От нее Цинциннат узнает и о своем сходстве с безвестным отцом. Безликий отец, исчезнувший во мраке ночи, напоминает о гностической концепции «непознаваемого неизречимого Бога», называемого «Чужой», «Безымянный», «Сокрытый» или «Безвестный Отец» [324]324
  См. главу «The Unknown Father» (G2).


[Закрыть]
. Это сообщение об отце равносильно гностическому откровению о непознаваемом божестве, откровению, восстанавливающему изначальную принадлежность Цинцинната к царству Божьему [325]325
  В соответствии с этим сообщением Цинциннат немедленно изменяет отношение к своей матери, в подлинности которой он «не совсем справедливо» – как Набоков замечает в своем интервью – сомневался. См.: Strong Opinions. P. 76.


[Закрыть]
.

Поскольку гносис – познание непознаваемости Божьей, его содержание выражено с высокой степенью неопределенности. Это познание часто складывается «via negationis» («от противного»). Бог обнаруживается несостоятельностью доводов разума и речей, и само число этих провалов доказывает его существование. Многочисленные topoi inferrabilitatis и повторяющаяся фраза «Я кое-что знаю» относится к способности Цинцинната постичь мистическое знание о Боге, «гносис».

«Да, из области другим заказанной и недоступной, да, я кое-что знаю, да…» (95) «Я кое-что знаю. Я кое-что знаю. Но оно так трудно выразимо! Нет, не могу… хочется бросить, – а вместе с тем – такое чувство, что, кипя, поднимаешься как молоко, что сойдешь с ума от щекотки, если хоть как-нибудь не выразишь» (96).

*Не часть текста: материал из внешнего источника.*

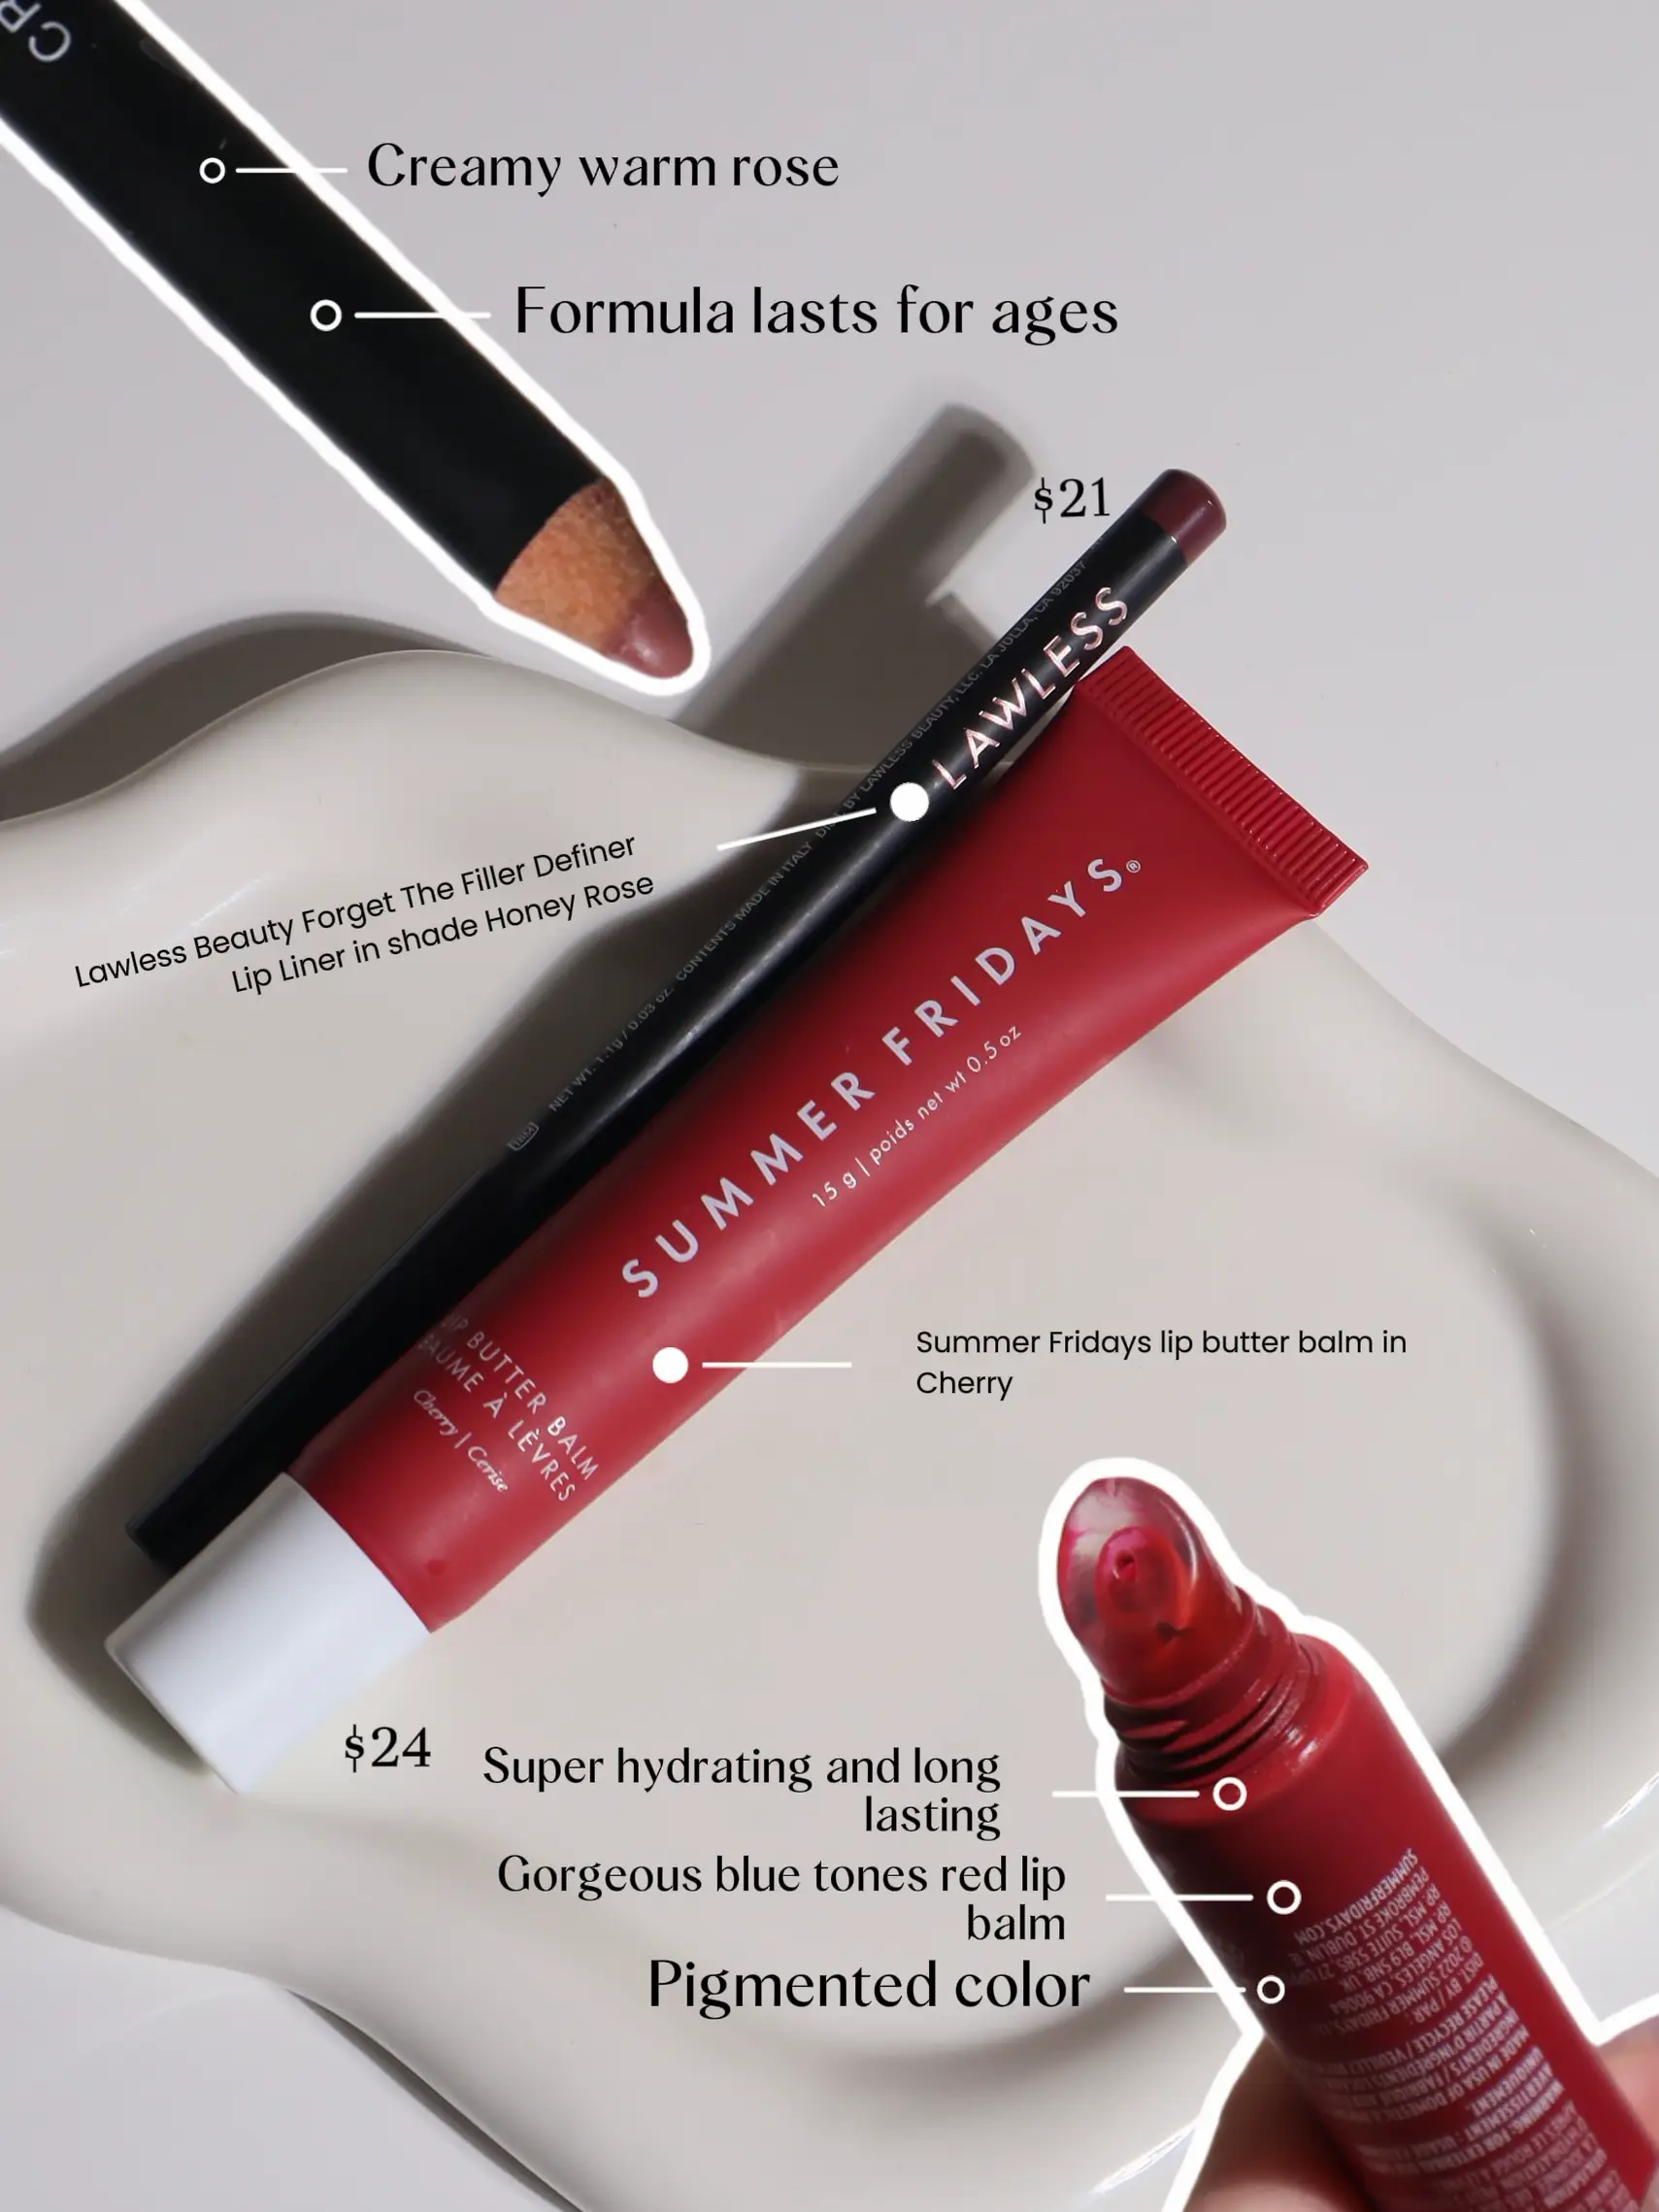 Has anyone tried Lawless lip liner in Honey Rose? Looking for NYX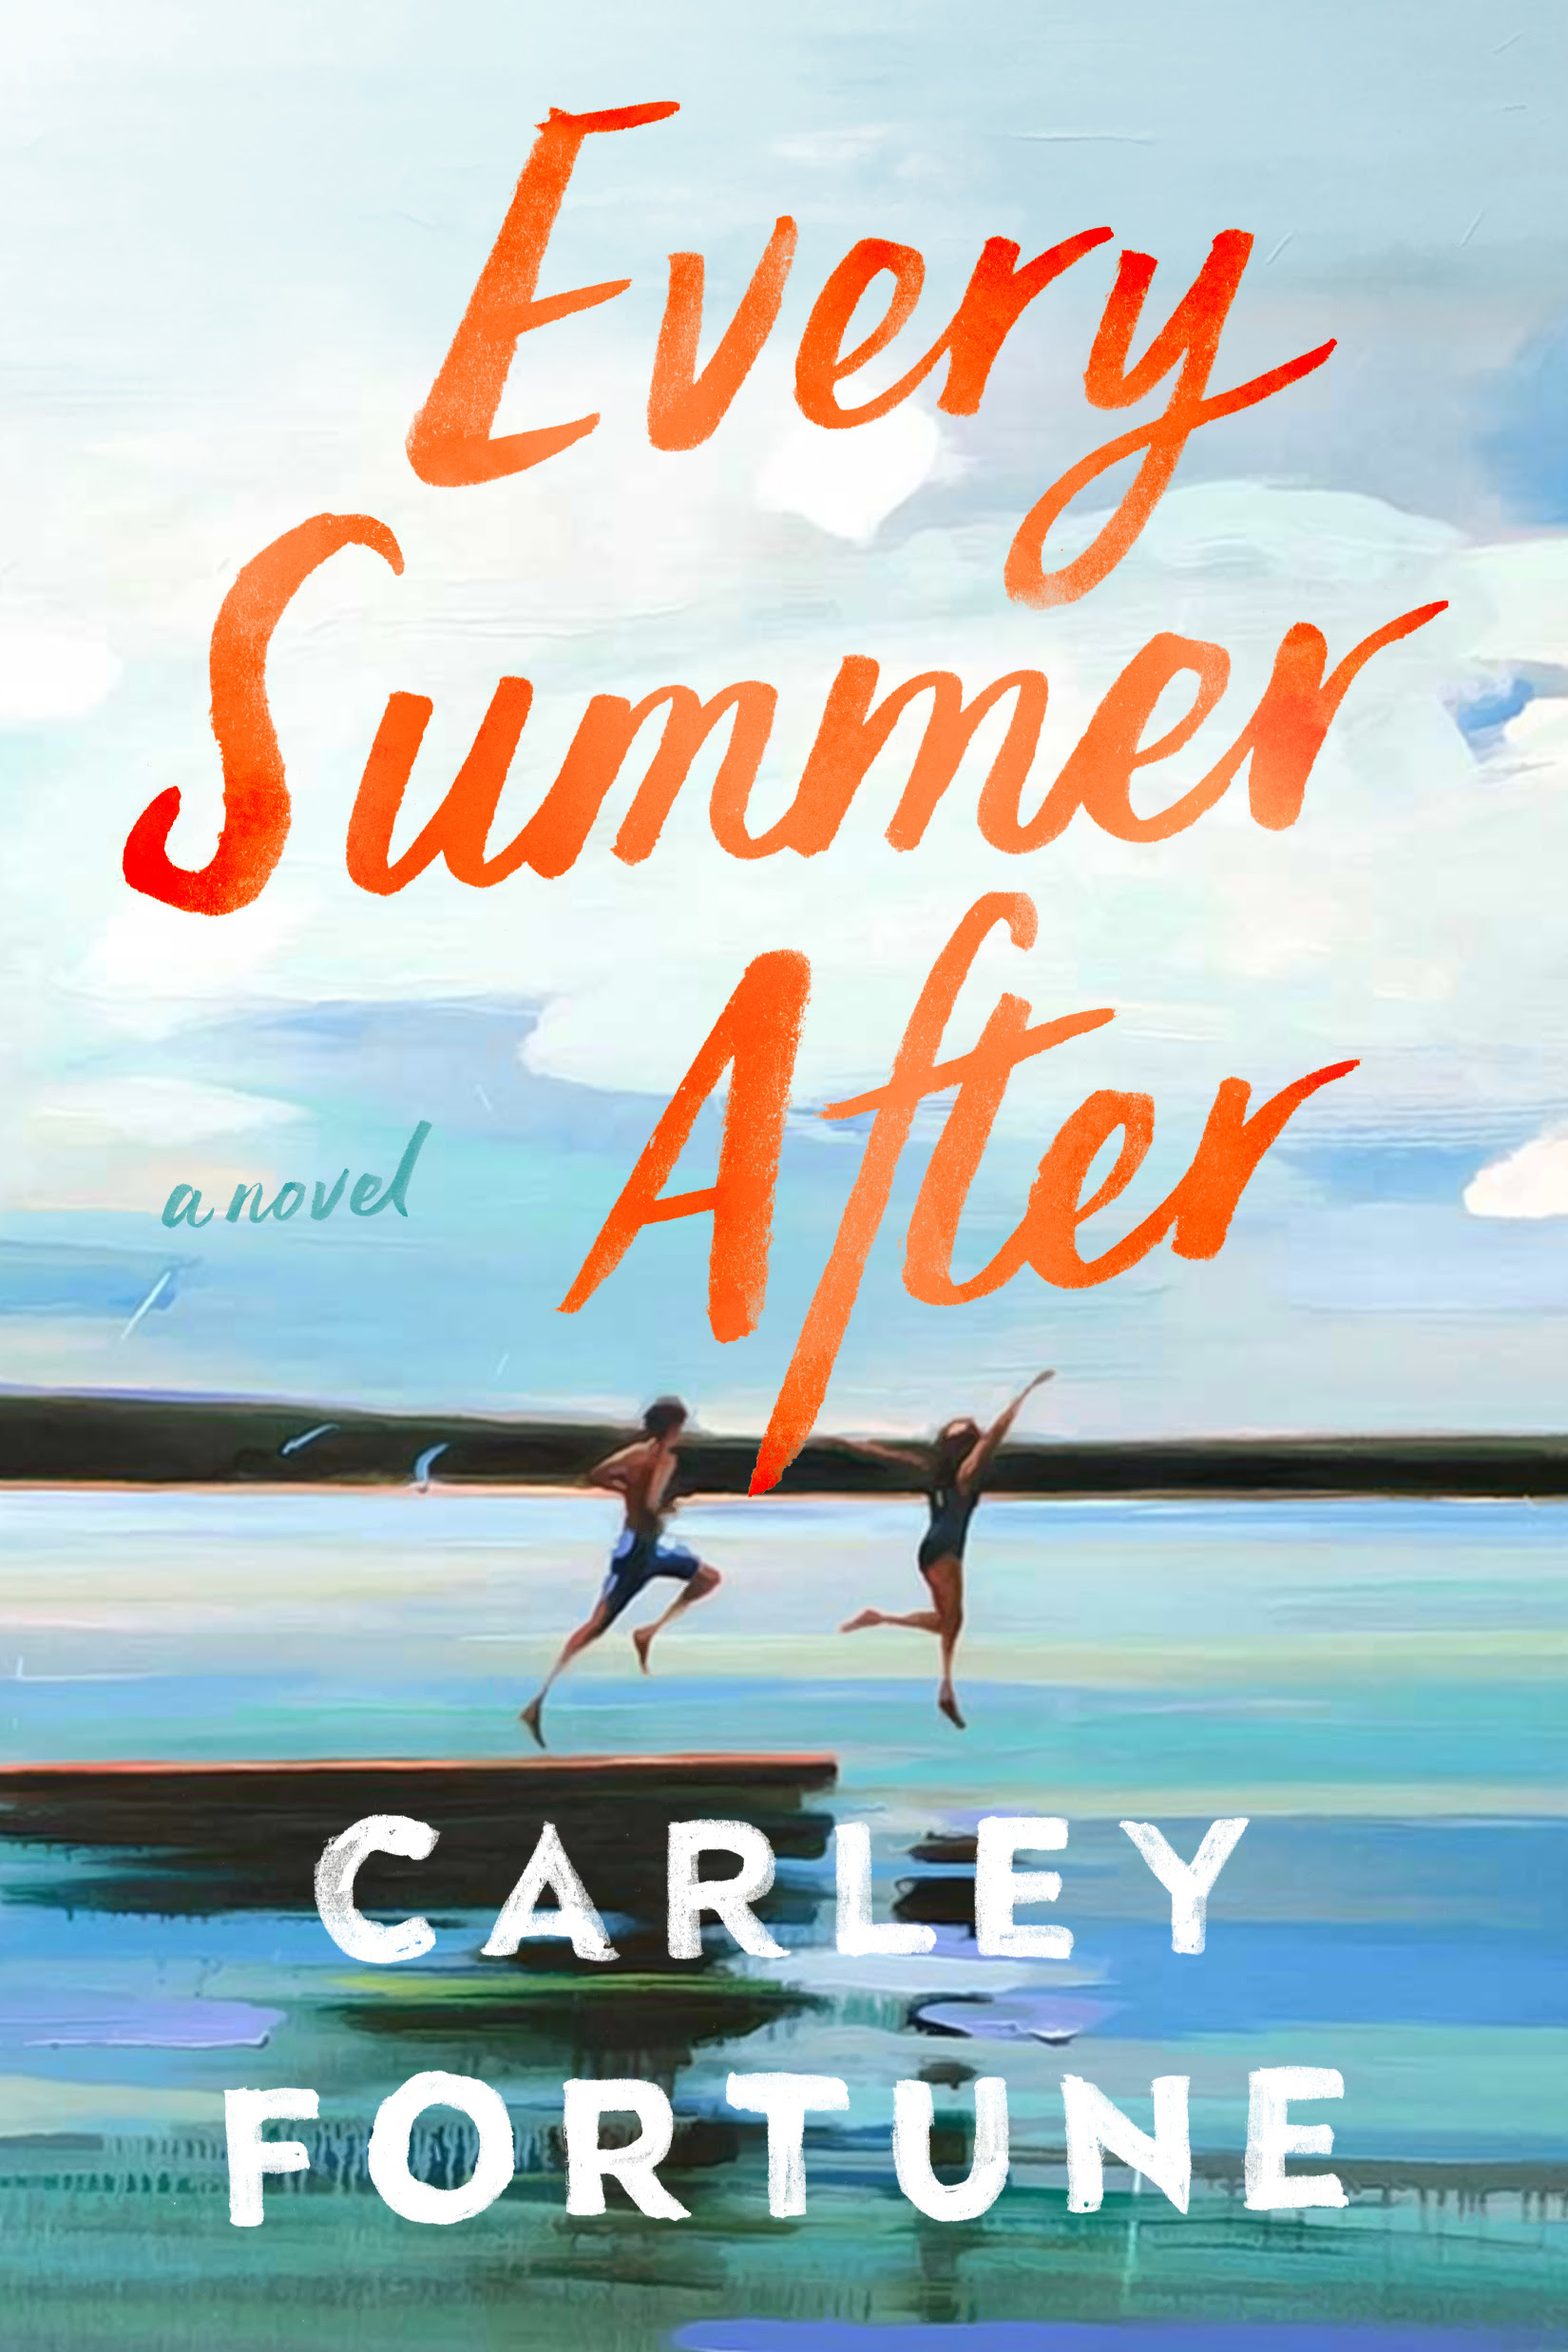 carley fortune author

Согласно классической валентинианской формуле, «гносис» – знание ответов на вопросы: «Кем мы были и во что мы превратились? Где мы были и куда нас забросило? Куда мы уходим и от чего смерть нас избавила? Что такое рождение и что такое возрождение (воскресение)?» (Н, 4). Ответы на эти вопросы составляют спасительное знание. Мистическое познание Цинцинната складывается как мозаика, из неожиданных прозрений и откровений. В конце Восьмой главы Цинциннат обнаружил в собственном детстве свою прошлую принадлежность к невесомой пневматической сущности и сфере, неподвластной физическим законам жизни. В сцене падения пневматического ребенка из окна в этот мир можно найти сразу несколько ответов на первые гностические вопросы: «Мы были детьми рая, но превратились во взрослых земли. Из первоначальной райской обители мы были заброшены в плотскую и космическую тюрьму». На вопрос: «Куда мы уходим?» – ответ прост. Смерть – центральная тема «Приглашения на казнь». Цинциннат борется со смертью, а точнее – со своим страхом смерти. Тюрьма – материализированная метафора, а тюремщики – аллегорические карнавальные персонификации этого страха. Но, начиная с Восьмой главы, все отчетливее звучат намеки на призрачность смерти. В Тринадцатой главе, как в средневековой аллегории, Цинциннат играет в шахматы со смертью (в данном случае в лице палача) – и выигрывает. Но только к концу романа приходит к Цинциннату полное познание смерти. К этому моменту ему кажется, что «ужас смерти это только так, безвредное, – может быть даже здоровое для души, – содрогание, захлебывающийся вопль новорожденного». И Цинциннат знает, что «живали некогда… смерторадостные мудрецы» (189). В этом важном отрывке дан ответ на последние гностические вопросы: «От чего нас освобождает смерть?» и «Что такое смерть и воскресение?» Смерть представлена здесь как радостное событие – новое рождение, освобождающее душу из заточения. «Смерторадостные мудрецы» – видимо, намек на подвижников гностической веры, преодолевших смерть.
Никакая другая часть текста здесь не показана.